→ **PROBLEM**:
Your answer should be every line of the records that contains the word "Green", copied as it stands.

→ **EXTRACTED MATERIAL**:
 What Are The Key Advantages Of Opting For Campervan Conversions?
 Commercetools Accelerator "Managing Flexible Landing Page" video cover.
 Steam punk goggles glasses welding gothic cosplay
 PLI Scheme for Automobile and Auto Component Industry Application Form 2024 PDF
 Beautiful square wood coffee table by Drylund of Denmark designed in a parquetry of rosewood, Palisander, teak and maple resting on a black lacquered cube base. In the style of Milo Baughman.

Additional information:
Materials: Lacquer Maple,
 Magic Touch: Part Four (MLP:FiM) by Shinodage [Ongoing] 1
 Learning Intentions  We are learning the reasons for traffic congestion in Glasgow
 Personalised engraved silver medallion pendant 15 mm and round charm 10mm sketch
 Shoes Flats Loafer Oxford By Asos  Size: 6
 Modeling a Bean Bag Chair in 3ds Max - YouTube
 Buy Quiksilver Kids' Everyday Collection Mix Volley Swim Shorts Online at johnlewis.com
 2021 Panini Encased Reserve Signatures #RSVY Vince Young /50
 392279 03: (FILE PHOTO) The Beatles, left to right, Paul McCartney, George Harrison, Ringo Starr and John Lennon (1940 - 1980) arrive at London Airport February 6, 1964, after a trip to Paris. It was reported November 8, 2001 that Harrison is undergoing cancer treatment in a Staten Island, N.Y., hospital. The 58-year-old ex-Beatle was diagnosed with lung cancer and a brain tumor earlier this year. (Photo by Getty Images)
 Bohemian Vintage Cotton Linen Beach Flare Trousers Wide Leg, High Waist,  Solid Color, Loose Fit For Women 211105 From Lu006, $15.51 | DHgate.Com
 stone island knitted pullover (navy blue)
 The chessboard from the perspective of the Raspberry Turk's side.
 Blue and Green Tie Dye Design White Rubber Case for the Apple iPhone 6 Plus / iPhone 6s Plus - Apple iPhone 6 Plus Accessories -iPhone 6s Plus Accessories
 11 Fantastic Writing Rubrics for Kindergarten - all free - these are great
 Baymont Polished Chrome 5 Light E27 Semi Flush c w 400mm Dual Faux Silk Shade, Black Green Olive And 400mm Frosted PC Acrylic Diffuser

→ **EXPECTED ANSWER**:
 Blue and Green Tie Dye Design White Rubber Case for the Apple iPhone 6 Plus / iPhone 6s Plus - Apple iPhone 6 Plus Accessories -iPhone 6s Plus Accessories
 Baymont Polished Chrome 5 Light E27 Semi Flush c w 400mm Dual Faux Silk Shade, Black Green Olive And 400mm Frosted PC Acrylic Diffuser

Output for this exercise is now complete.